На следующей неделе Горобцову пришел долгожданный вызов из Белгородской области, и, сдав все свои дела, он через несколько дней благополучно улетел на новое место жительства.

Дело по «Пирамиде» Синегоров передал молодому оперативнику Черняеву.

Черняев рьяно взялся за дело и через две недели установил, что «Минерва» собирается в гостинице «Центральная». В обществе уже около 50 человек. Для того чтобы собрать доказательства мошеннической деятельности учредителей организации, необходимо осуществить аудио- и видеозапись их сборов. Но оказалось, что посторонних охранники и близко не подпускают к помещению, а всех членов организации проверяют на входе с металлоискателем, выворачивают сумочки, хлопают по карманам. Решили подождать, пока «Минерва» не сменит место дислокации.

В гостинице собирались еще две недели, в течение которых Черняев поближе «познакомился» со своими подопечными. Оказывается, шустрые ребята приехали из Владивостока, где они так же подрабатывали на жизнь подобным бизнесом, но не на первых ролях. Всего их приехало три человека — Лесков и пара Ляпиных. Они оформили свое общество как полагается, то есть утвердили устав, зарегистрировали его в Управлении юстиции, и на этом их легальная деятельность практически закончилась. Дальше началось оболванивание доверчивых горожан и выкачивание из них денежек. Завербовав в свое общество двух таких же проходимцев, сделали их своими помощниками и завертели безотказную рулетку.

Помощники быстро набрали по пять человек себе в помощь, но они уже заплатили за это по две тысячи долларов. А 20 тысяч долларов полностью хватило и на дальнейшую раскрутку, и на приятную жизнь учредителям и их помощникам. Помощники помощников за каждого вновь завербованного простака получали по 300 долларов.

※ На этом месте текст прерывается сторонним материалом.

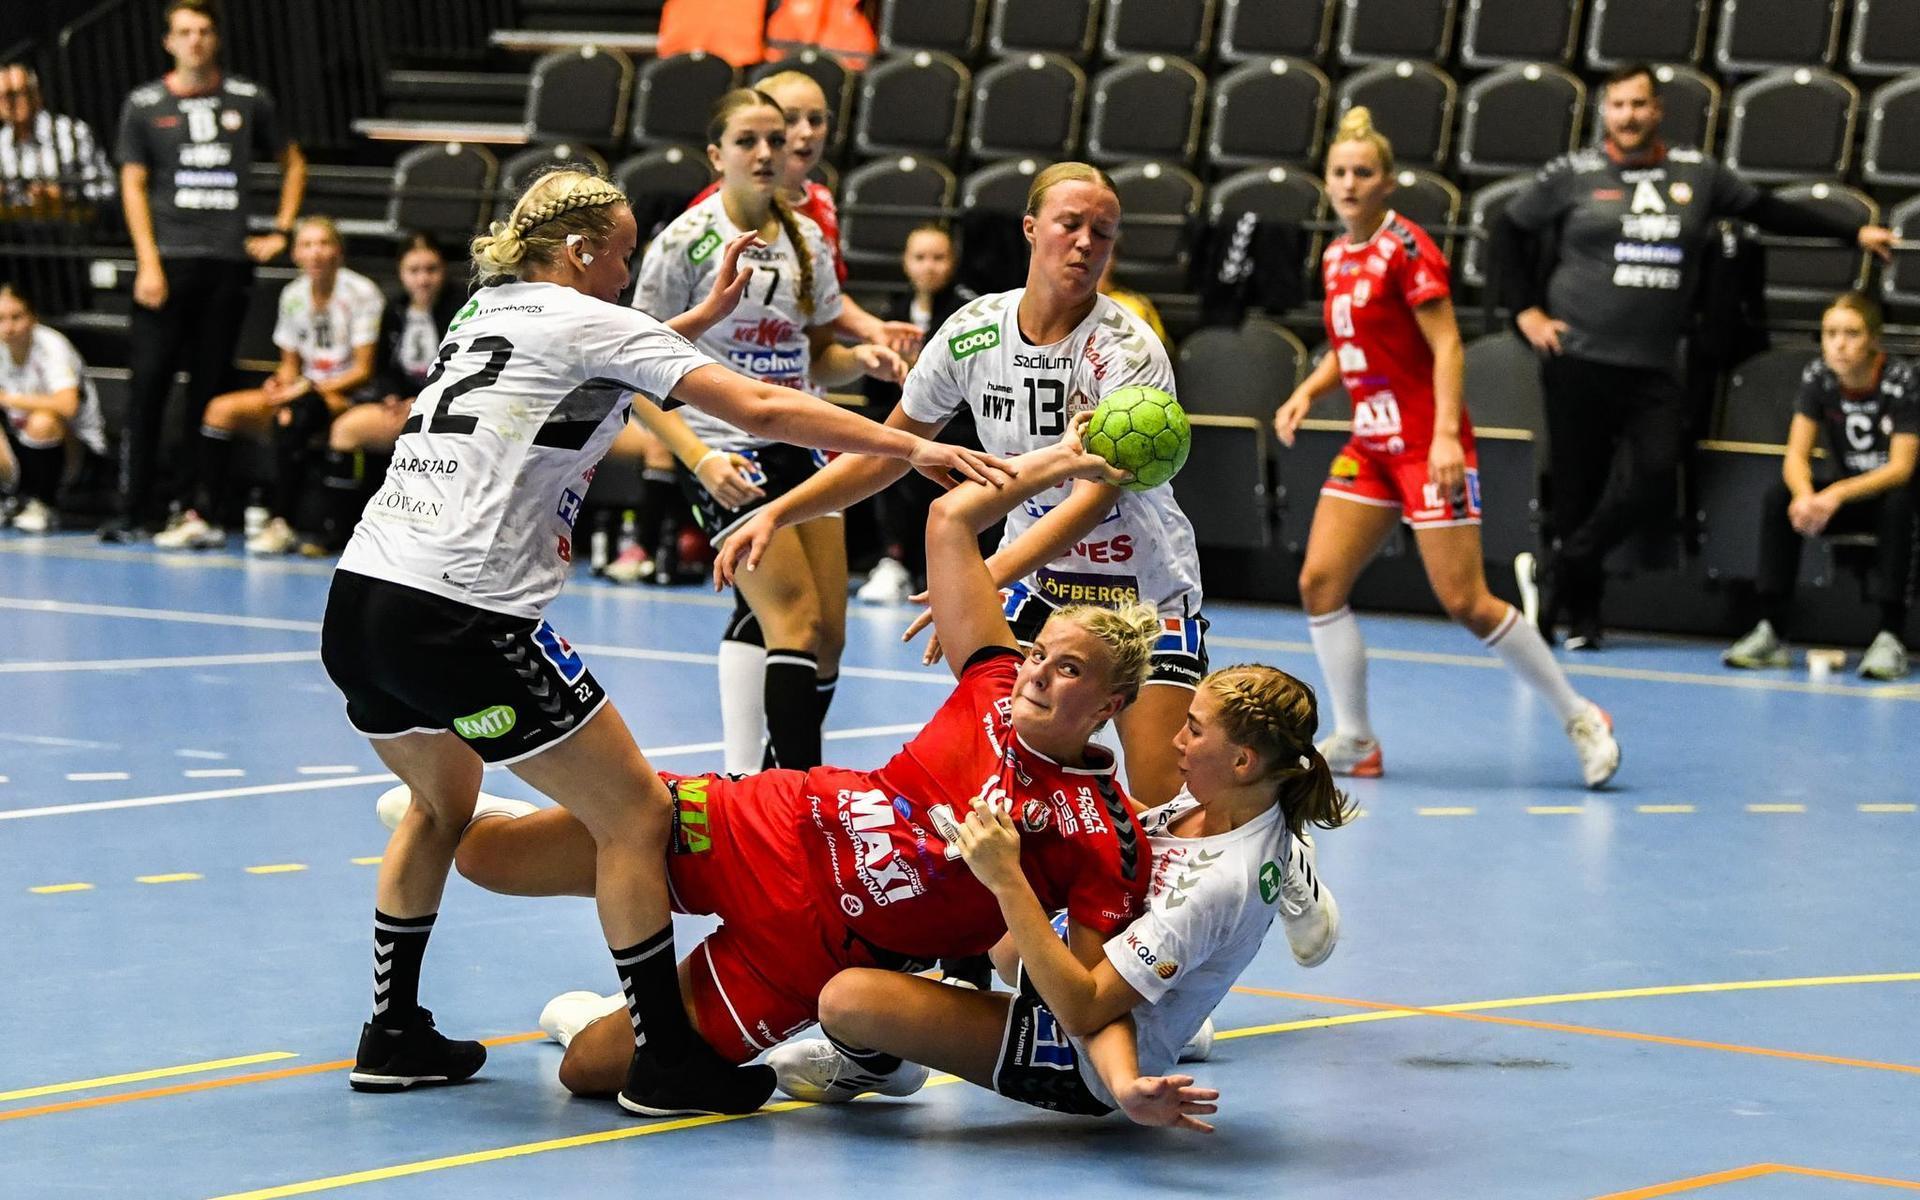 Svenska Handbollförbundet stoppar allt division 1-spel till och med den 22 december, vilket påverkar både damlaget och herrlaget i HK Drott.

Таким образом организовалось основное устойчивое ядро. Для того чтобы вернуть свои деньги да еще и заработать, необходимо было найти не менее семи человек, готовых выложить две тысячи долларов за сомнительное счастье стать членом общества «Минерва». На первых порах кандидат приглашался на беседу с Ляпиной в какое-нибудь кафе, где она быстро (явно куда-то торопясь), но в то же время доверительно сообщала ему, как он может сказочно разбогатеть, и приглашала на следующую встречу-семинар, где специалисты объяснят, что нужно делать и как. Заинтересованный кандидат со своим поручителем из числа уже состоявшихся членов общества через некоторое время попадал на семинар. В зале присутствовали человек 15. Негромко играла приятная музыка, на стене висели графики, диаграммы. И вот перед собравшимися появлялись специалисты, они же учредители. Очень убедительно, с огромным вдохновением парни рисовали самые радужные перспективы роста доходов членов общества. При этом приводили в пример известные фирмы «Bosch», «Siemens», которые, по их словам, занимались в принципе таким же сетевым маркетингом и имели огромные дивиденды. Время от времени проинструктированные помощники задавали из зала подготовленные вопросы. Они же в нужный момент разражались аплодисментами и возгласами: «Правильно!», «Вот это да!». Затем один из помощников, нетерпеливо суча ногами и руками, выскакивал перед собравшимися и нарочито сбивчиво, захлебываясь от восторга, благодарил учредителей за их бескорыстный труд по обогащению граждан. Рассказывал, как он сначала колебался, не спал ночами, но потом все-таки вступил в общество, заняв где мог 2000 долларов. И вот уже деньги вернулись, да с процентами, а какие люди его окружают — интеллигентные, высоконравственные, душевные! И так далее.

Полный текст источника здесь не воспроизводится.